#### YOUR GOAL:
Looking at the listing below, retype exactly the lines starting at the one containing "振りかける固める真空竹炭繊維 100ピース 圧縮フェースマスク" and ending at the one containing "Donna rilassante amaca", both included, and nothing else.

#### DATA:

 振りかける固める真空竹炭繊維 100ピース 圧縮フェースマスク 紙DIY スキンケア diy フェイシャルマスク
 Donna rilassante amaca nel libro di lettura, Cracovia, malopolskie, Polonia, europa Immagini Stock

* * *

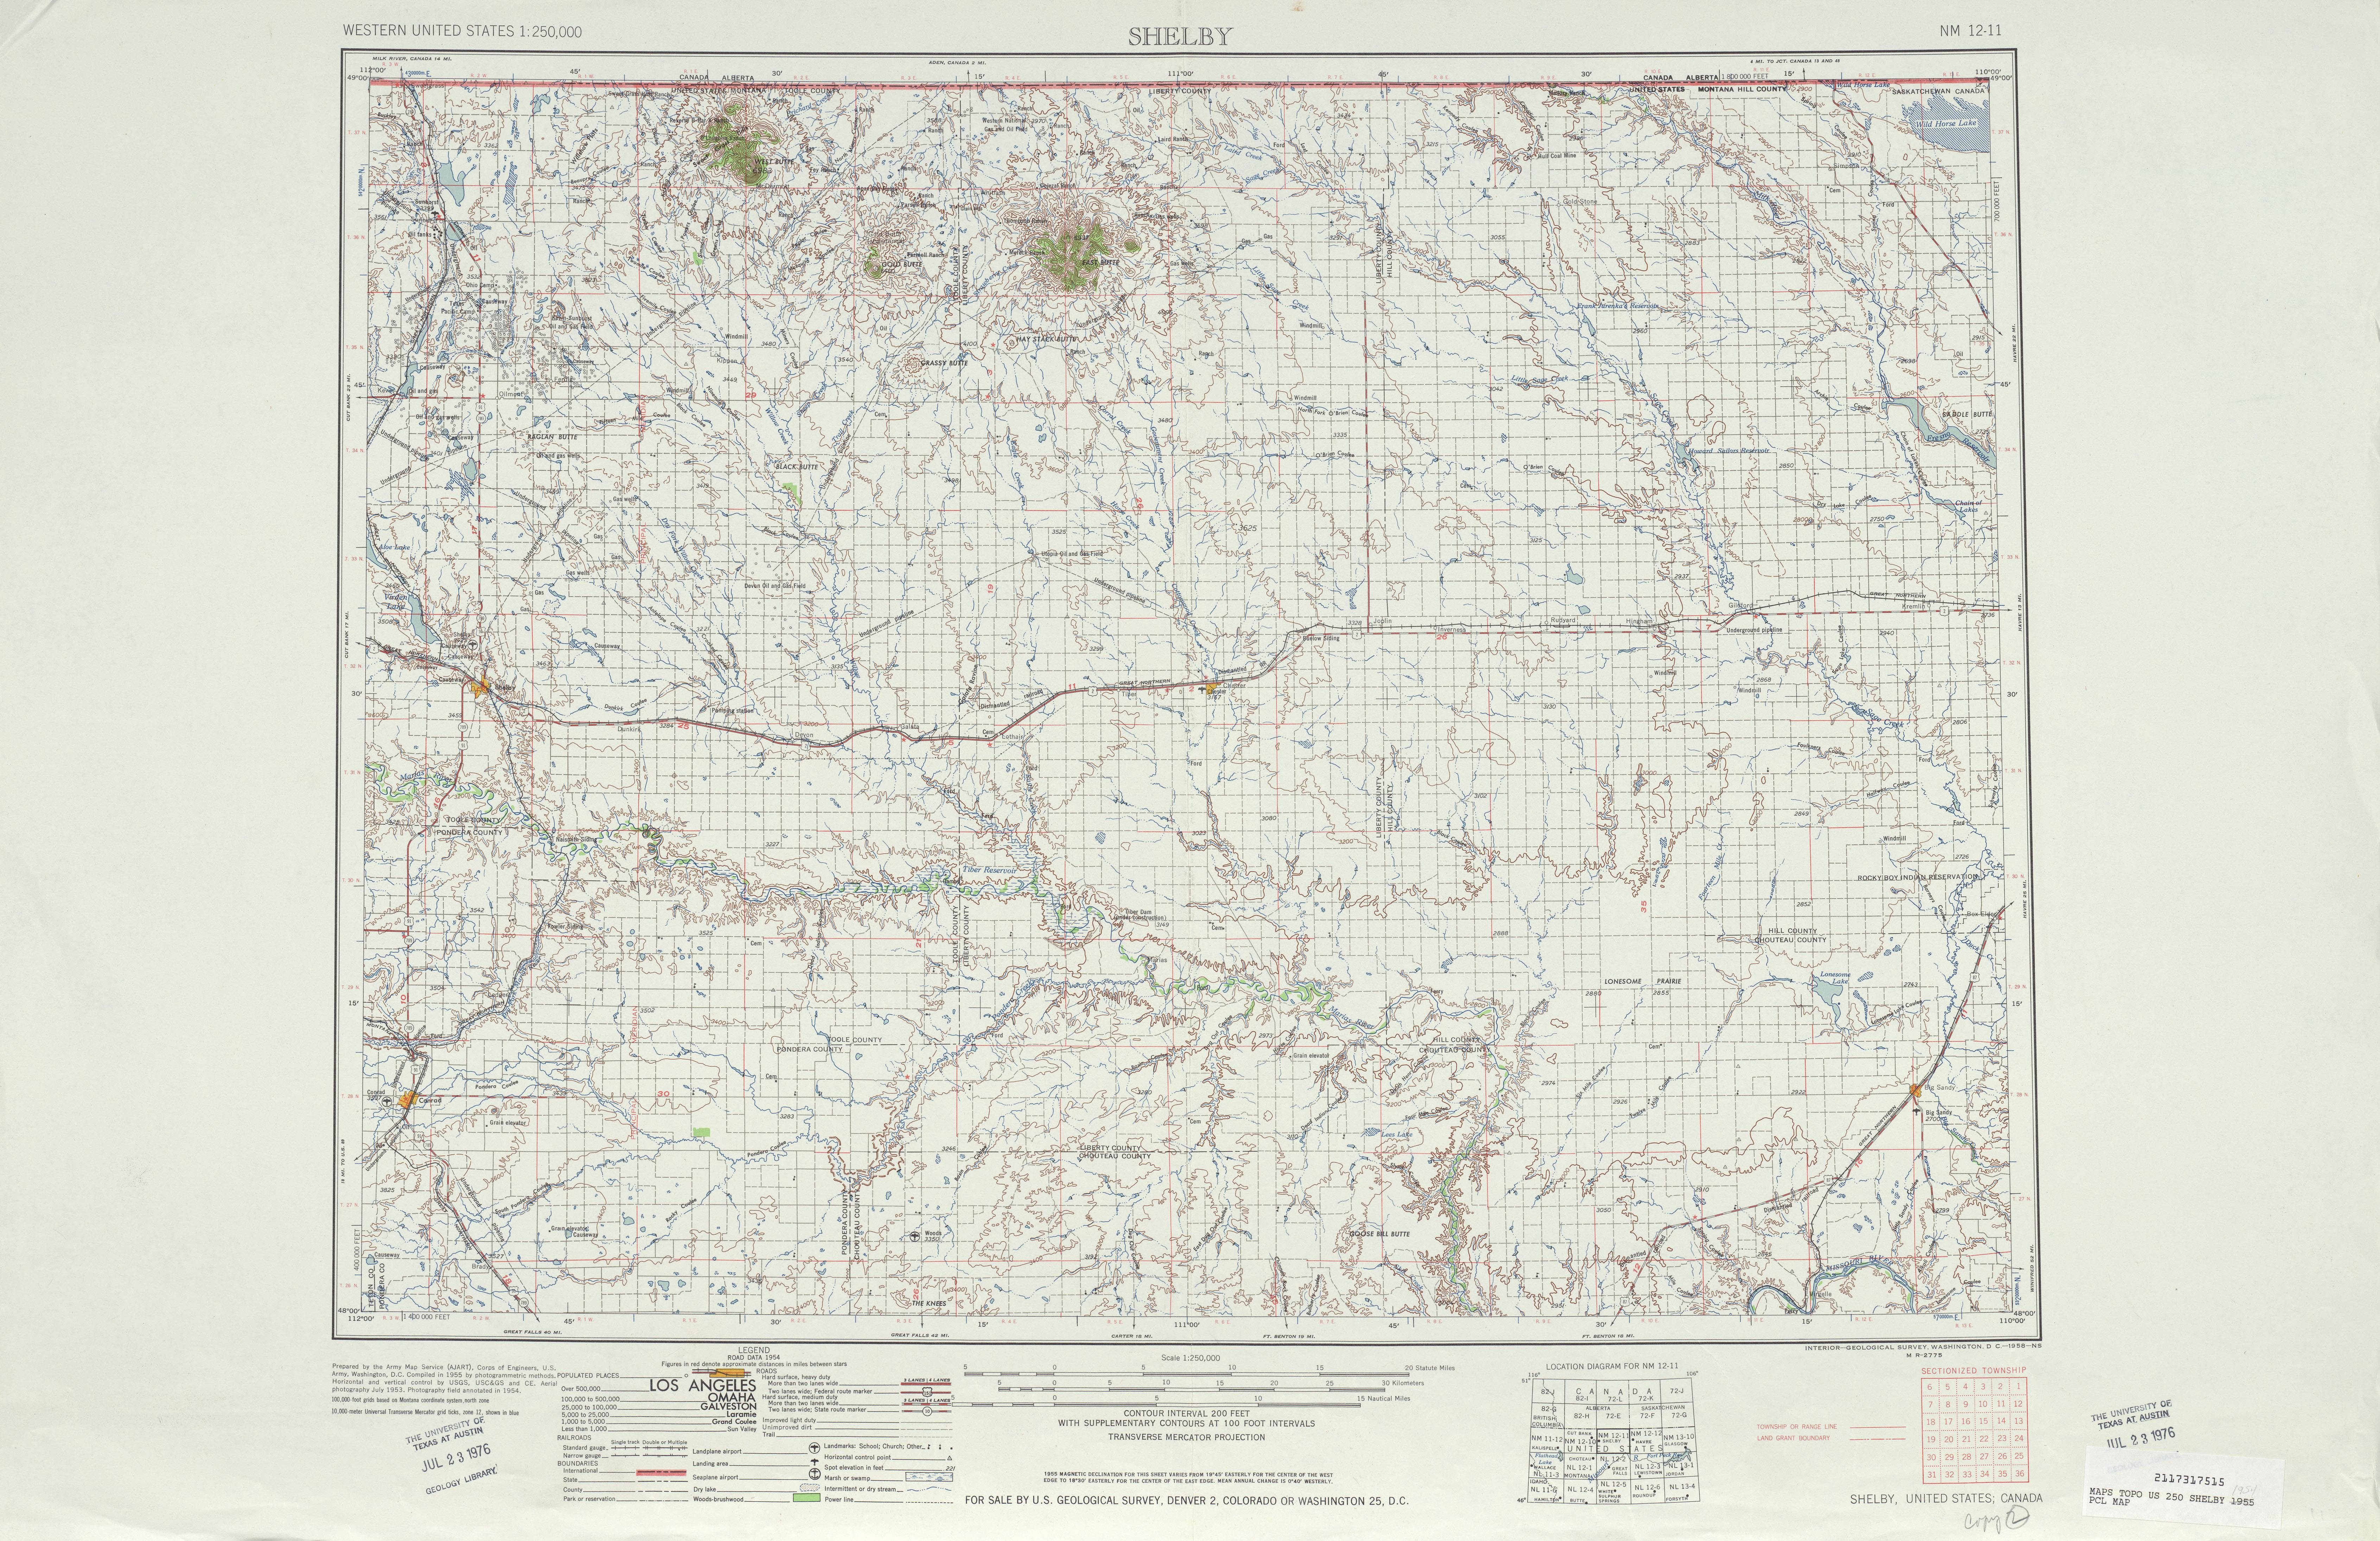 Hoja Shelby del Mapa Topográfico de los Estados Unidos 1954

---

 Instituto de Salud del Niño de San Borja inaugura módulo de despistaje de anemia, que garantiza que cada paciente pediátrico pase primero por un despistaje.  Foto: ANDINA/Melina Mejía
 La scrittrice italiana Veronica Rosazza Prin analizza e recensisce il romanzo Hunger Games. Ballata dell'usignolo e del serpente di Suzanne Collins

#### RESULT OF THE EXERCISE:
 振りかける固める真空竹炭繊維 100ピース 圧縮フェースマスク 紙DIY スキンケア diy フェイシャルマスク
 Donna rilassante amaca nel libro di lettura, Cracovia, malopolskie, Polonia, europa Immagini Stock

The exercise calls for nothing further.